Closed eyuansu62 closed 2 years ago
Yes, if you use our provided commands. To disable DDP, you may try something like
python train.py --seed 2 --cfg Salesforce/T5_base_finetune_wikitq.cfg --run_name T5_base_finetune_wikitq --logging_strategy steps --logging_first_step true --logging_steps 4 --evaluation_strategy steps --eval_steps 500 --metric_for_best_model avr --greater_is_better true --save_strategy steps --save_steps 500 --save_total_limit 1 --load_best_model_at_end --gradient_accumulation_steps 8 --num_train_epochs 400 --adafactor true --learning_rate 5e-5 --do_train --do_eval --do_predict --predict_with_generate --output_dir output/T5_base_finetune_wikitq --overwrite_output_dir --per_device_train_batch_size 4 --per_device_eval_batch_size 16 --generation_num_beams 4 --generation_max_length 128 --input_max_length 1024
But our code has not been tested on this usage.
BTW, have you ever tried UnifiedSKG + PICARD?
Nope. It's an interesting direction to design a unified-grammar and design PICARD on it.
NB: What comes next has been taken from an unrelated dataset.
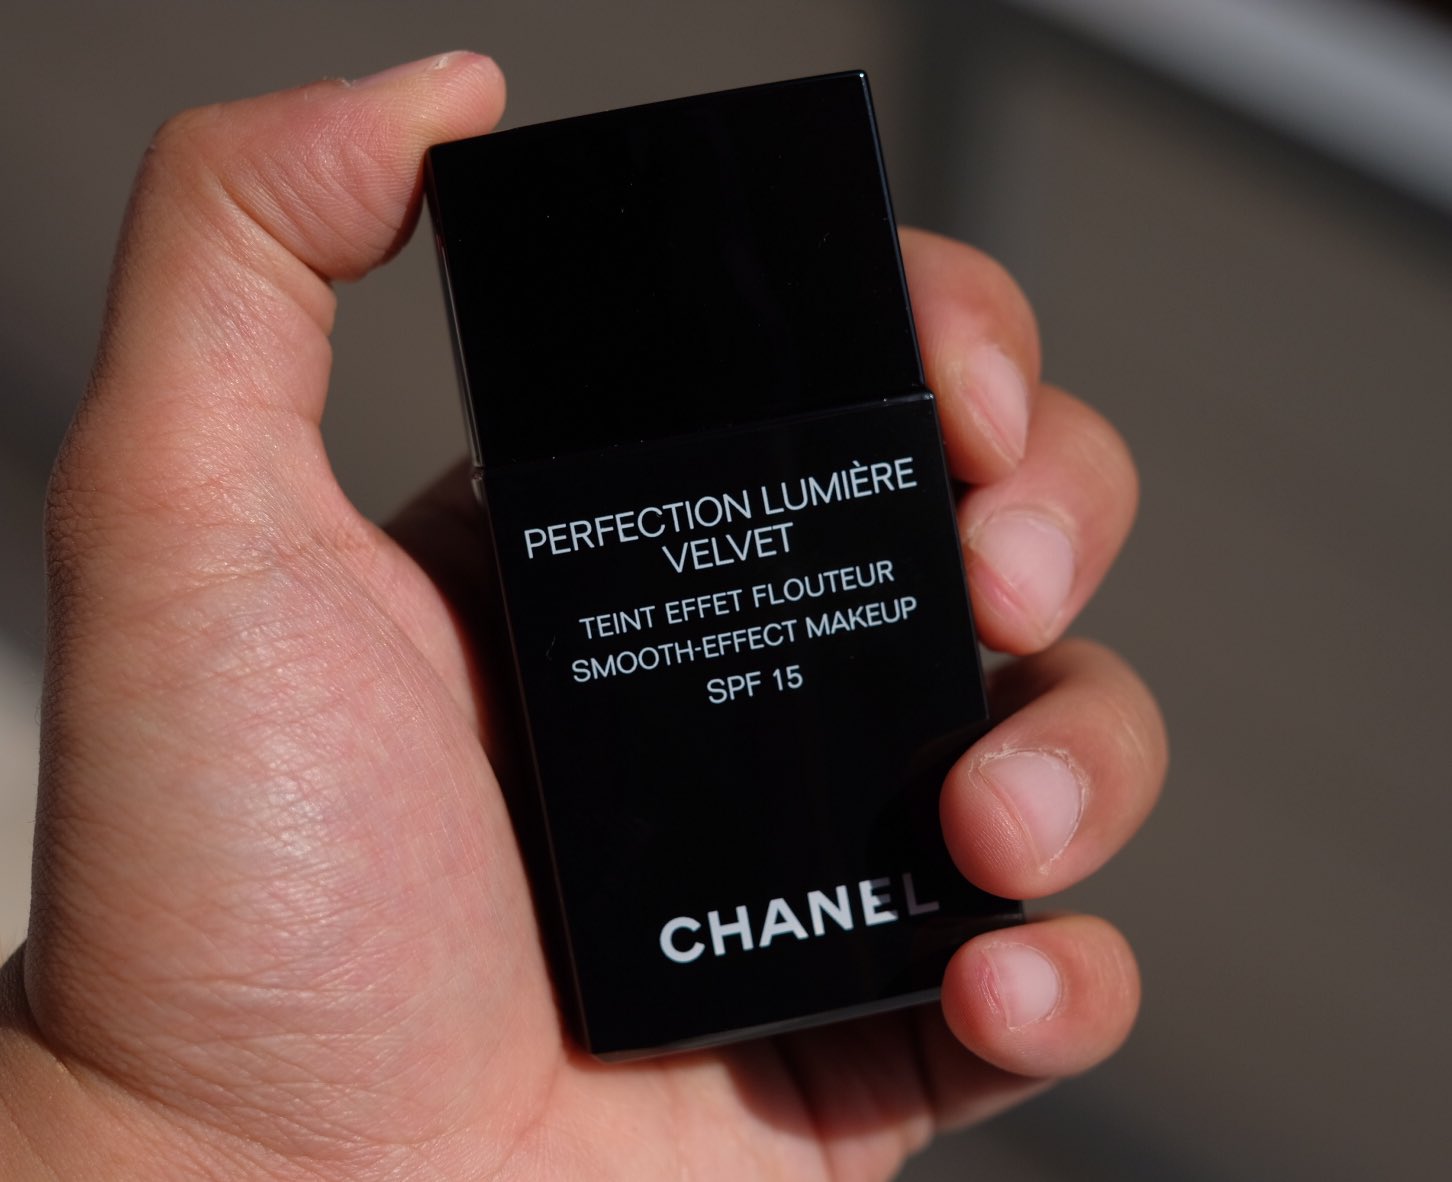 มันเวิร์กแมะ on X: 8. Chanel Perfection Lumiere Velvet Foundation # 40  Beige (2500THB)  / X

Sorry, one more little question, orz :) If I do not use deepspeed, I train t5-3b on spider with bs=2 and DDP, it will cause OOM error. Is it normal?
I remember that t5-3b requires deepspeed even on the 32G V100.
How about 40G A100?
Surely ok.
Feel free to contact us if you have further questions!
Does the train.py use the DDP training default, even if the n_gpus = 1?